James Austin said...

@Darren - Thanks so much for the encouraging comment! I have not checked out Adventure Dad in a while so will go back and do so. 8 years seems like such a long time, it is great to hear from someone with experience who can tell us that it is not really that long and that there are a wide range of skill levels at that age! Thanks again.

@Xbox - Thanks for the clarification! Mrs. LIAYF and I want to give Lukas all the opportunities we can and having all the facts to make decisions by helps out immensely. We are typically all monolingual here in the states, so being a child who is bi-lingual would have many advantages.

Rob @ Paternal Prose said...

Hey James,

I am looking at blocks of hexadecimal values as I view this post. Evidently, I'm a complete loser, and need to adjust the character sets in Firefox. Fortunately, I could convert them to ASCII values with scratch paper and a few hours, but, well... Kinda not my style.

I relate to your desire to have Lukas be bi-, or even tr-lingual. As a former student of Spanish (read "I was huge geek with an unhealthy passion for the language and its associated culture."), I have thought several times teaching Cooper the language. My only problem would be that his pronunciation would corrupted by some of my own flaws. There's still an opportunity there, but I'm undecided at this point.

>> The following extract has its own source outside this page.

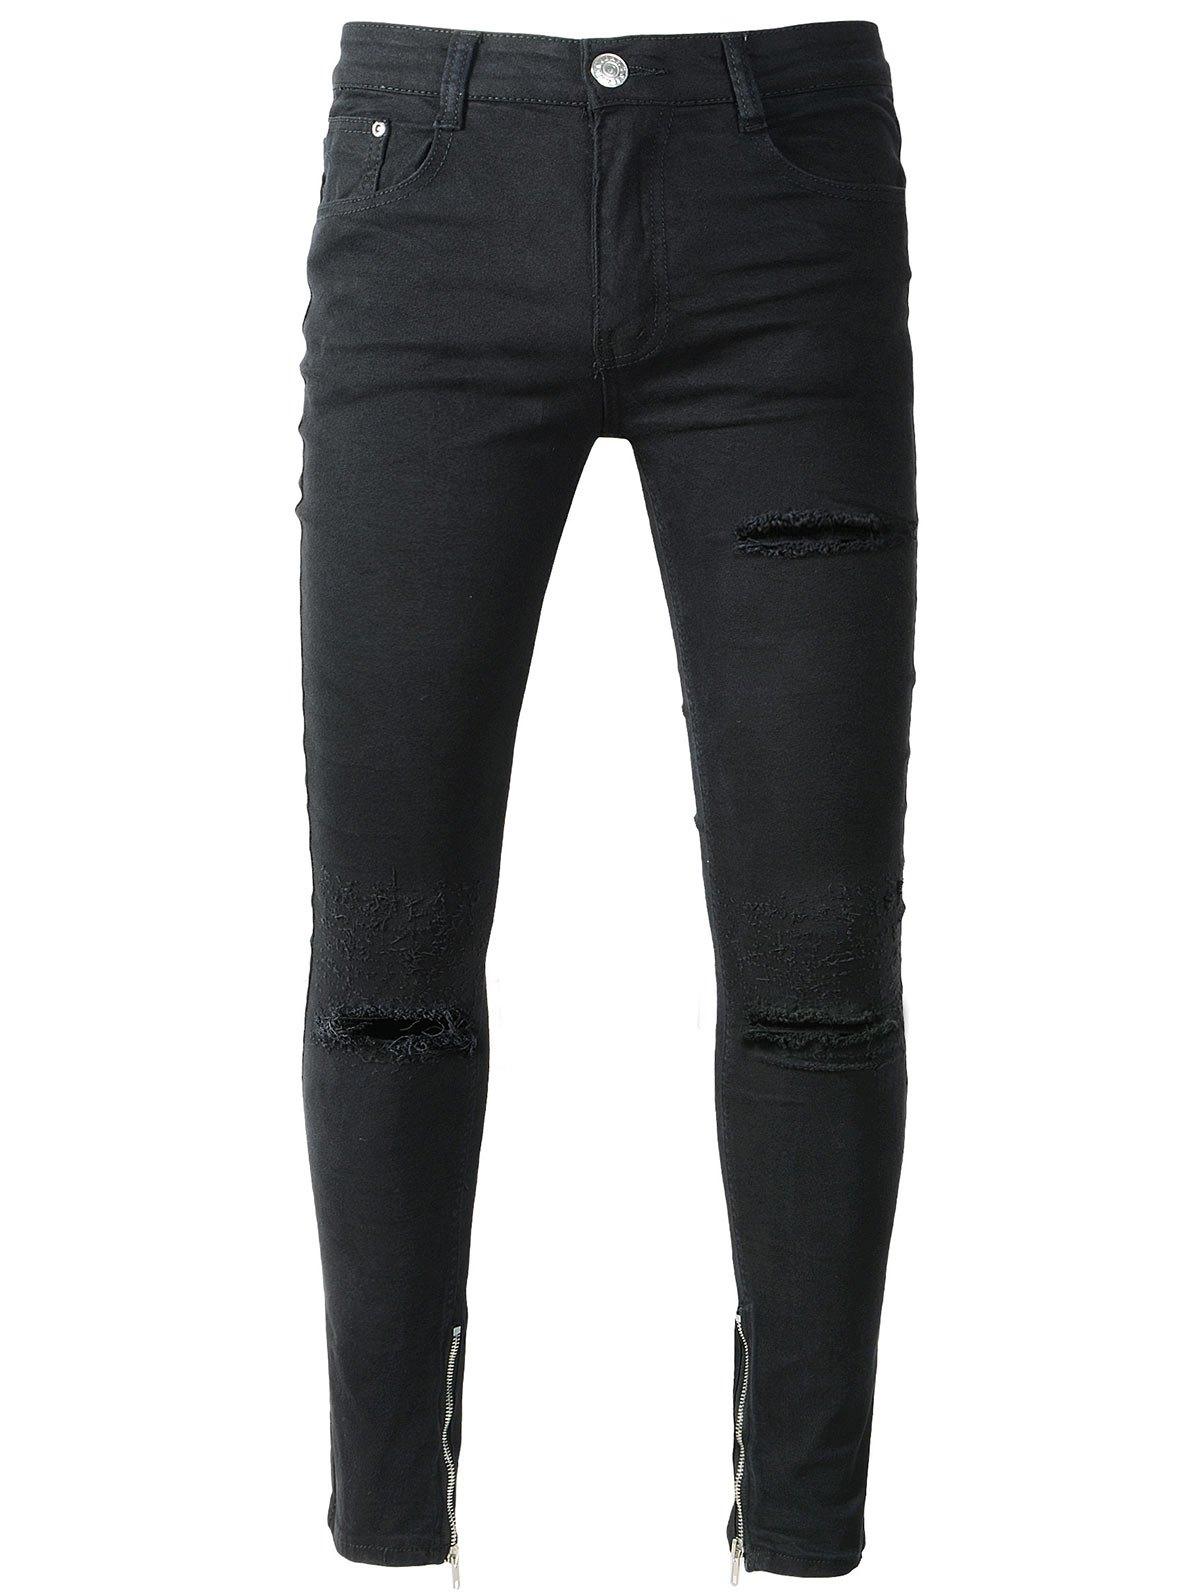 Рваные черные штаны

I'd like to know where you all go with this.

Though I'm not familiar with the dual-language method that Mrs. LIAYF mentions, it seems to apply the immersion methods that I believe are the only effective way to learn a language. That may be a better option than teaching Cooper my bastardized form of non-native Spanish. Though fluent about 12 years ago, I'm not convince of my ability to regain that level of fluency.

On an unrelated note, I think Mrs. LIAYF needs her own blog if she doesn't already have one. She seems to be a fabulous writer whose posts I would enjoy reading, as I'm sure many others would. It was great to "read" her voice, since as a more recent reader, I've only been able to read the great things about her through you.

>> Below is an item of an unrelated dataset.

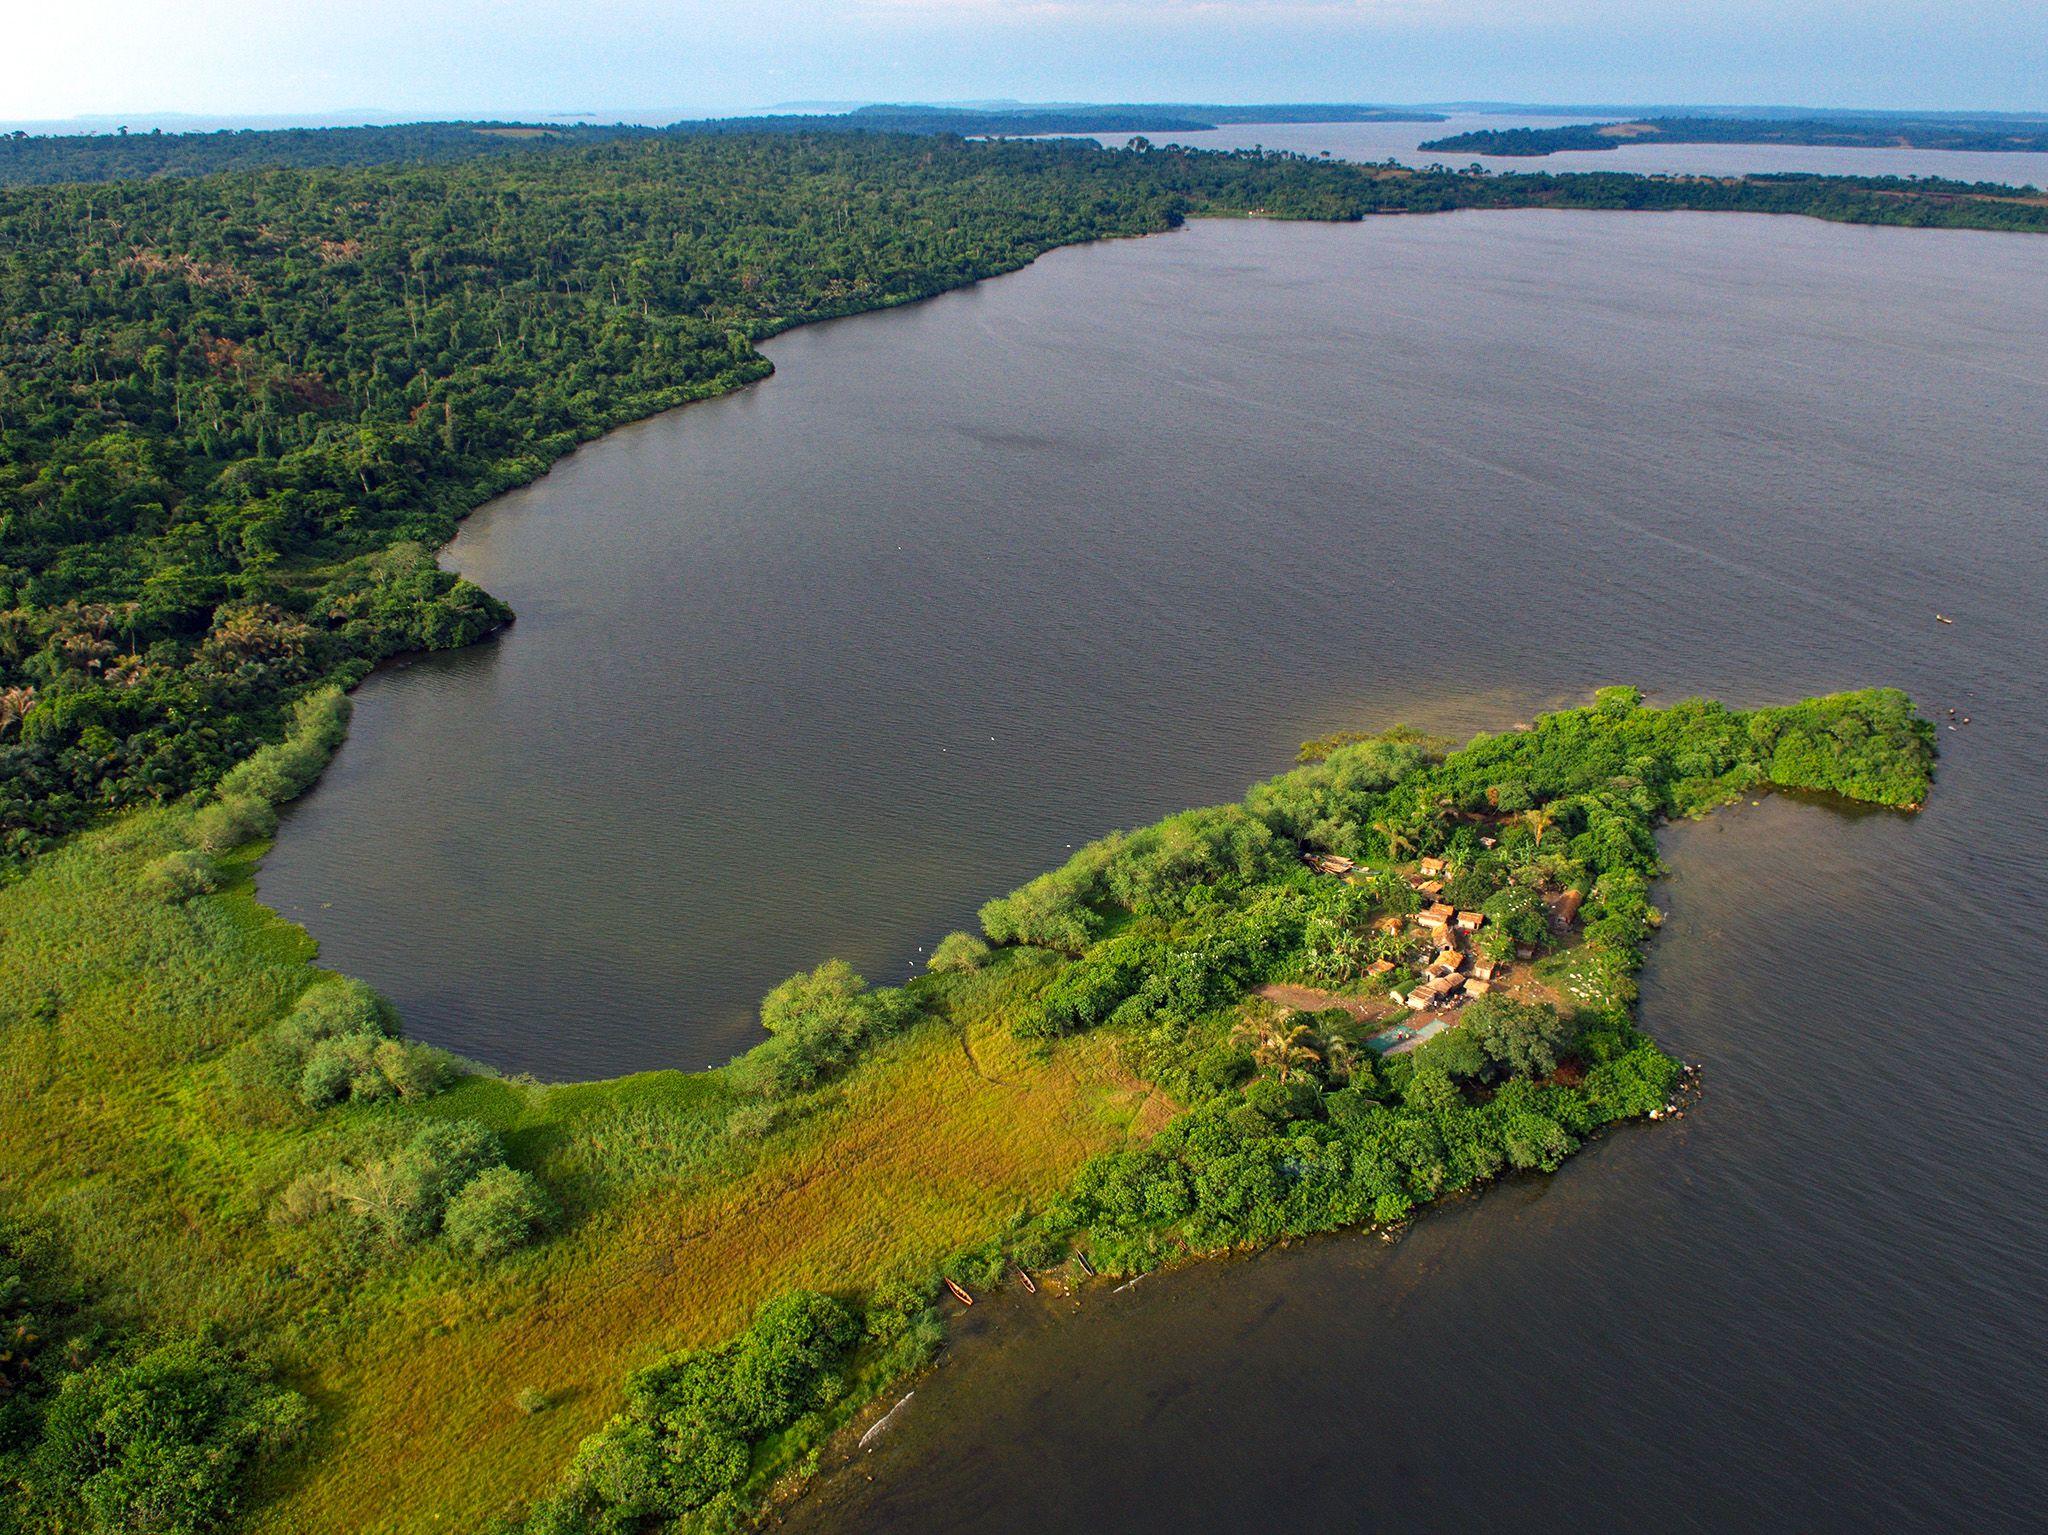 Uganda:  Island village, Lake Victoria. This image is from Wild Uganda. [Foto del giorno - September 2018]

Good luck with the language decision!

James Austin said...

@Rob - What, you don't want to do that kind of conversion to use Firefox? LOL. I'm glad you stuck with it and were able to read the post. We visited Europe a few years back, and were amazed at how many folks were fluent in English (yes, we visited Italy and Germany, not Great Britan!) as a second language.

Over there, they just teach English as a matter of course, and it's no big deal to be bi-lingual. That would be great for the boys, if Lukas or Cooper end up with a second language. It would open new opportunities to them, for sure.

I agree with you about Mrs. LIAYF. She is an avid reader and wonderful writer (the real writer of this family), she just currently uses her writing skills for other endevors outside the blogosphere. She does, however, edit for me and occasionally contributes her ideas as well. I actually created a blog for her as well 'Luke, I am your Mother', but she has yet to post to it. Definitely more important things on her plate right now. Thanks again for the great comments.

Rob said...

James,

I think of my comments as more of rambling nonsense, but I'm glad you're able to appreciate some of them. If you need me to help hound Mrs. LIAYF, let me know. I think it'd be great to read about parenthood from both ends of the spectrum ;-)

My wife has a blog, but it's more broadly-focused than mine. When she writes about Cooper, though, it is generally a much more poignant post, and tends to carry more weight than my daily posts about the little dude.